_Supplied material:_

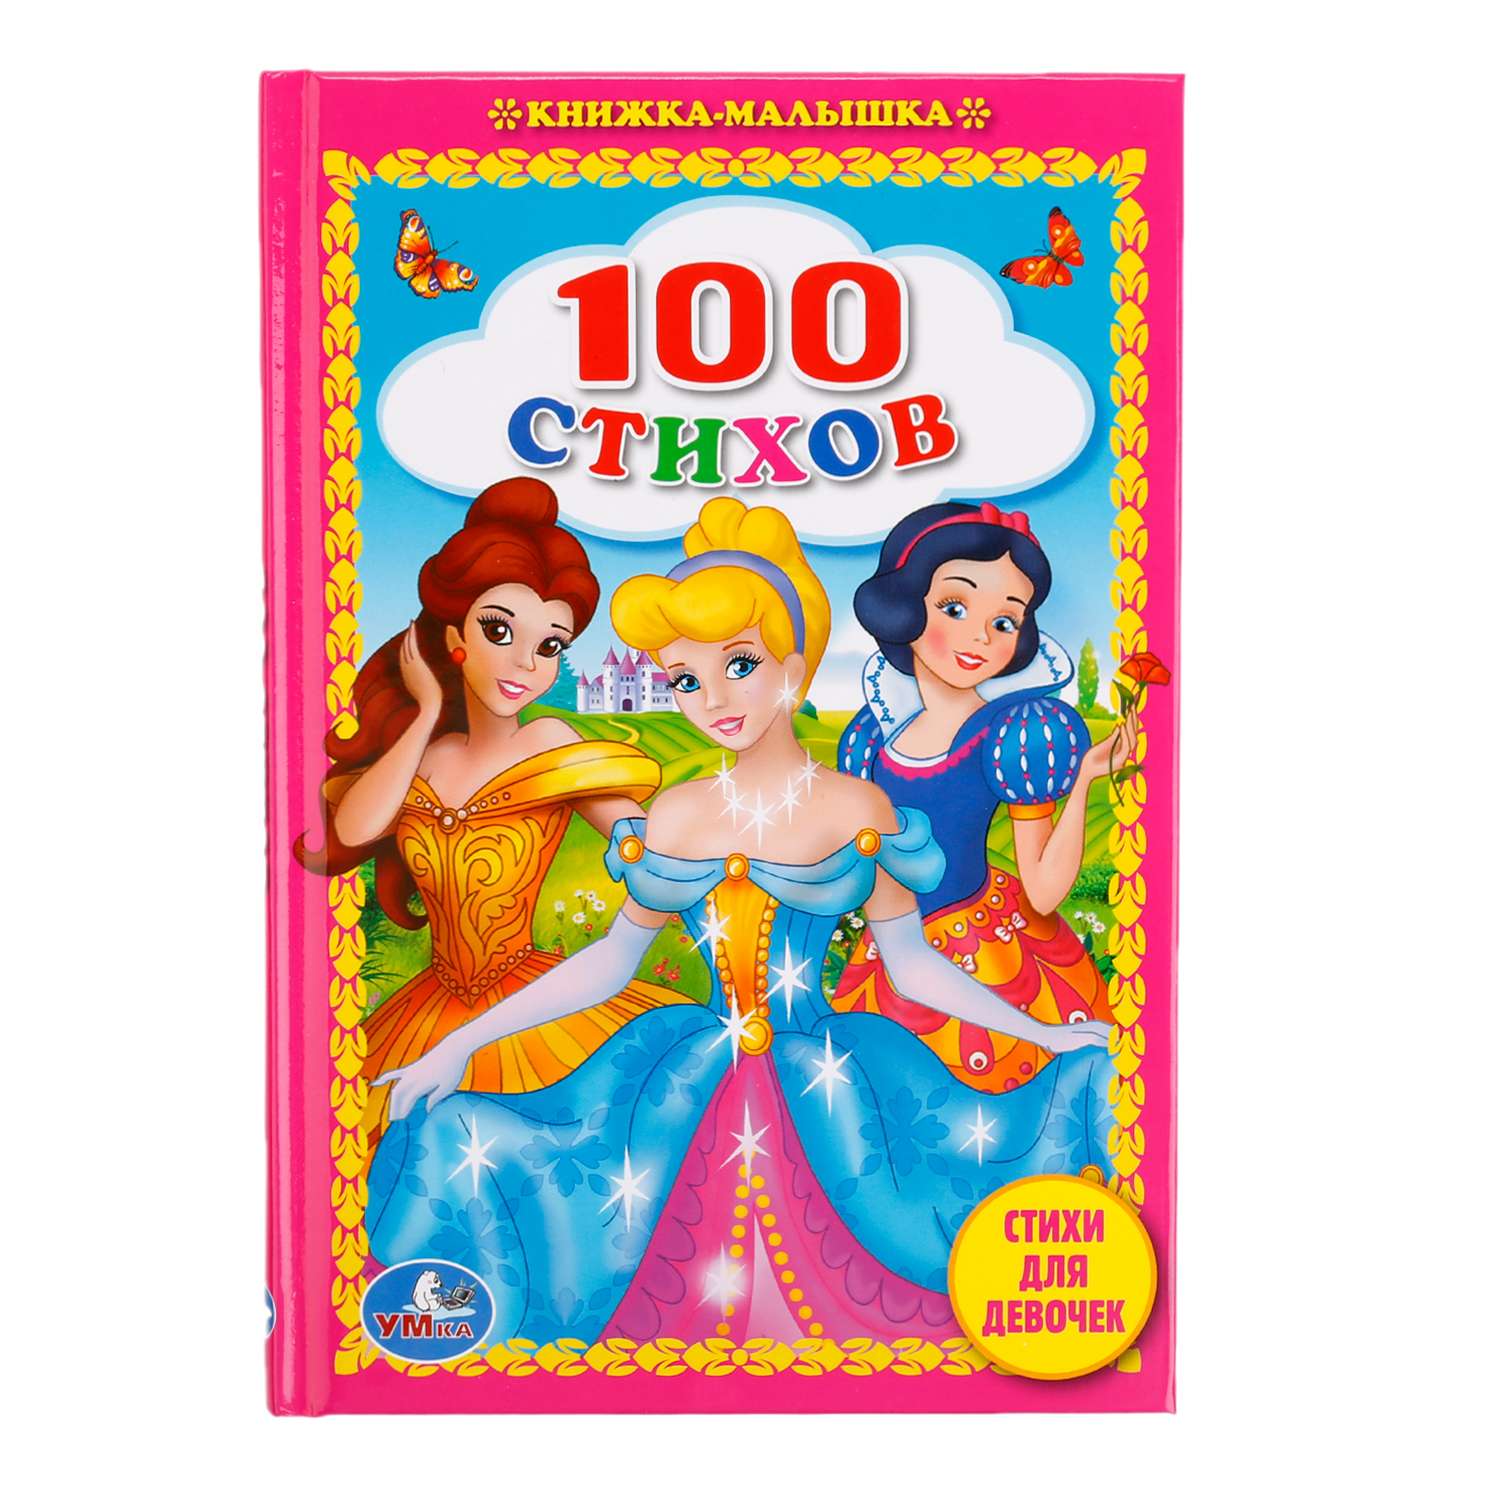 Книга Умка 100 Стихов для девочек - фото 1
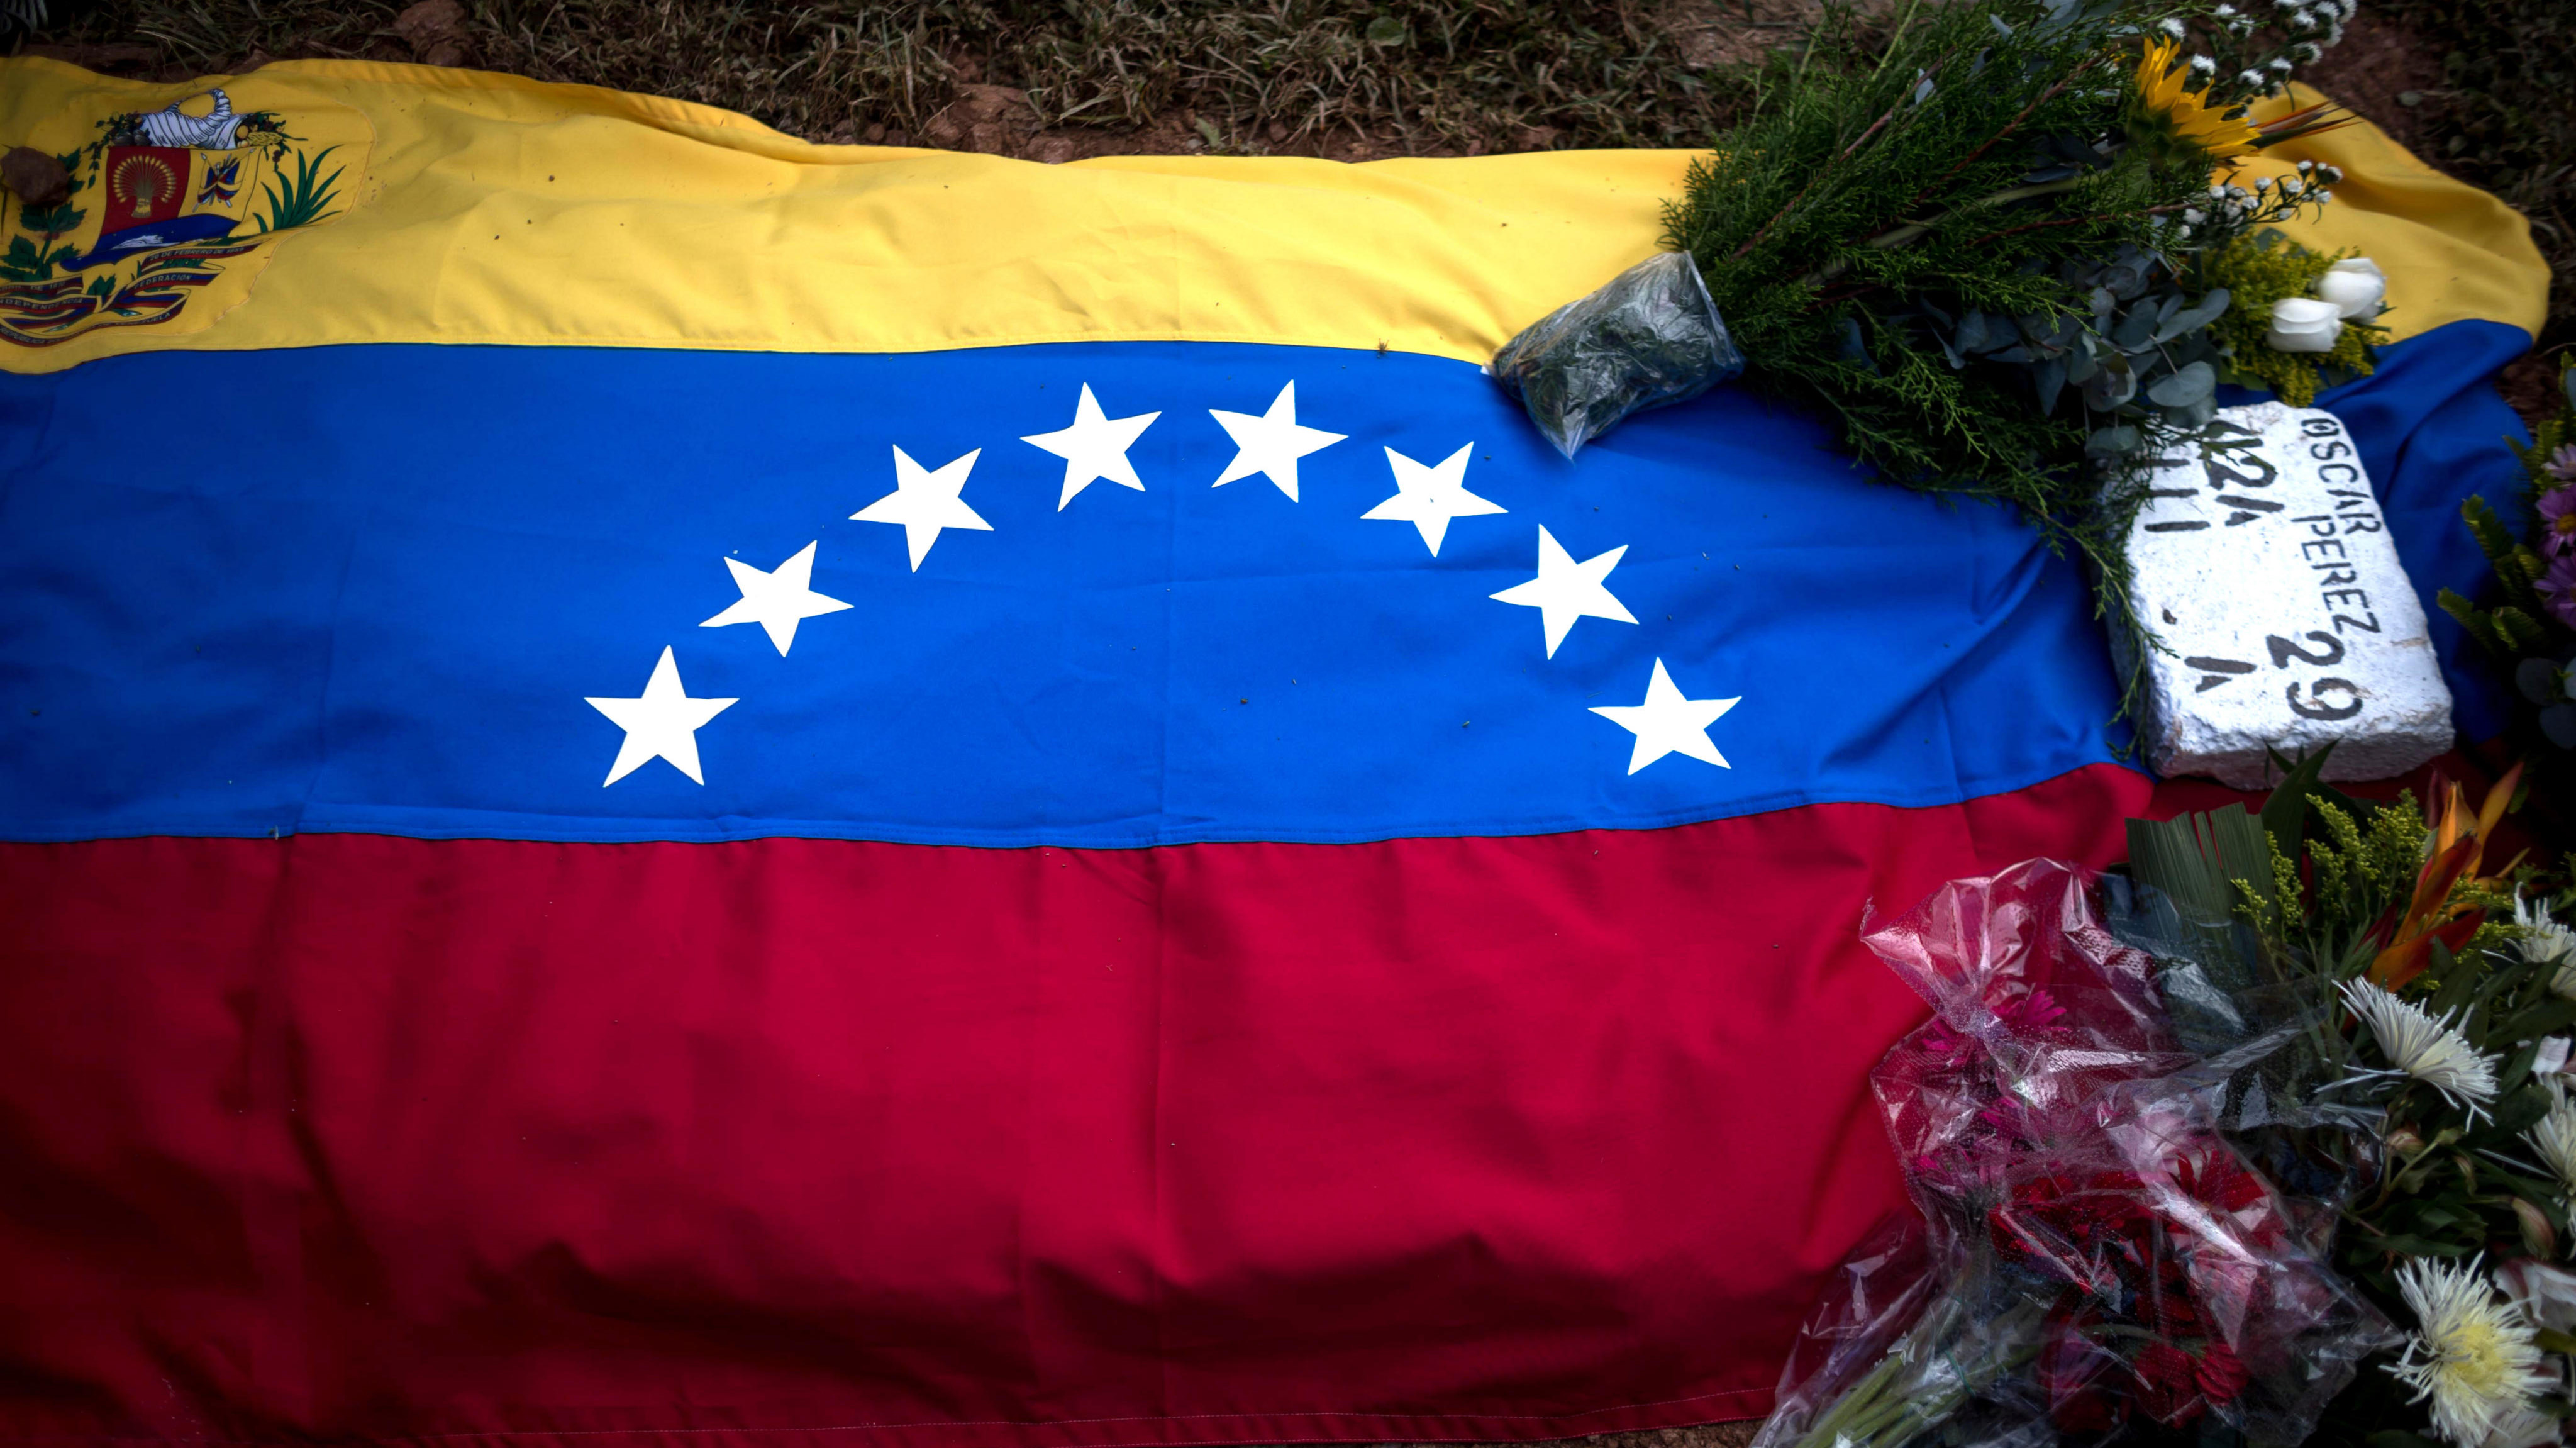 Cuerpo de ex policía Óscar Pérez fue sepultado en Venezuela sin autorización de familiares
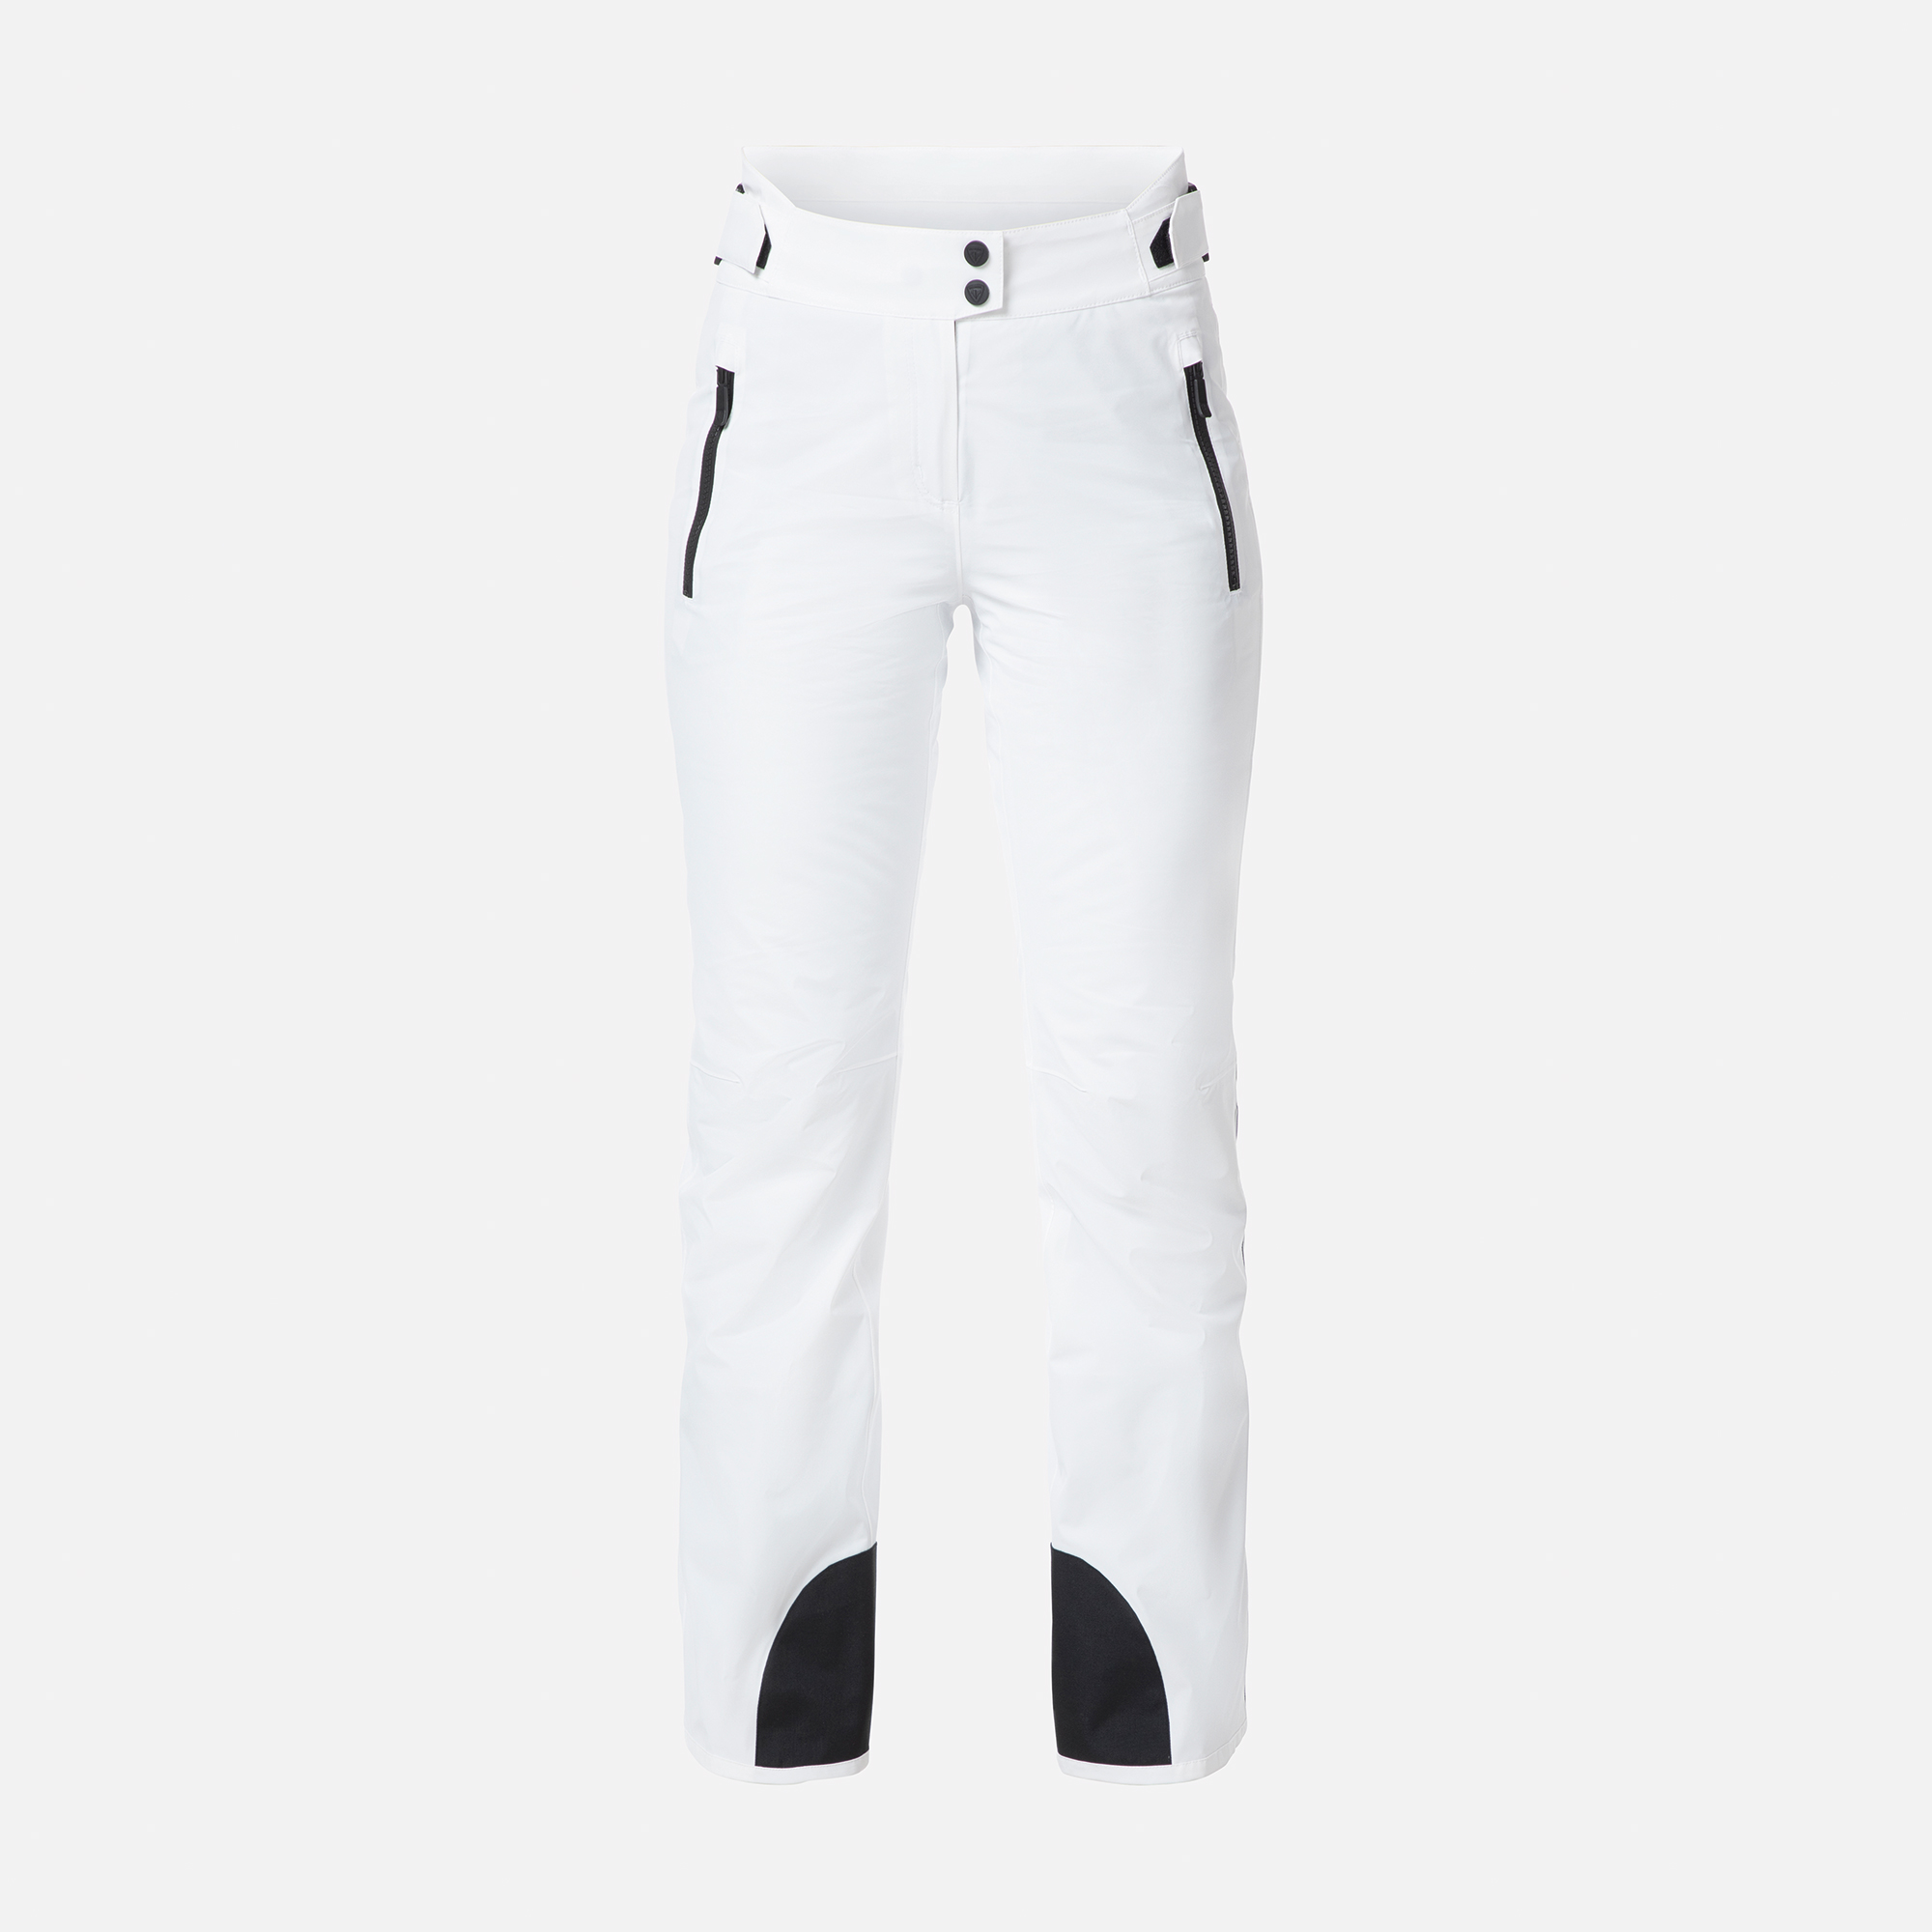 Pantalones de esquí Strato para mujer

_What is needed:_
Starting with the line that contains "Cuerpo de ex", repeat each line exactly until the listing ends, including the last one. Leave pictures out.

_Response to the exercise:_
 Cuerpo de ex policía Óscar Pérez fue sepultado en Venezuela sin autorización de familiares
 Pantalones de esquí Strato para mujer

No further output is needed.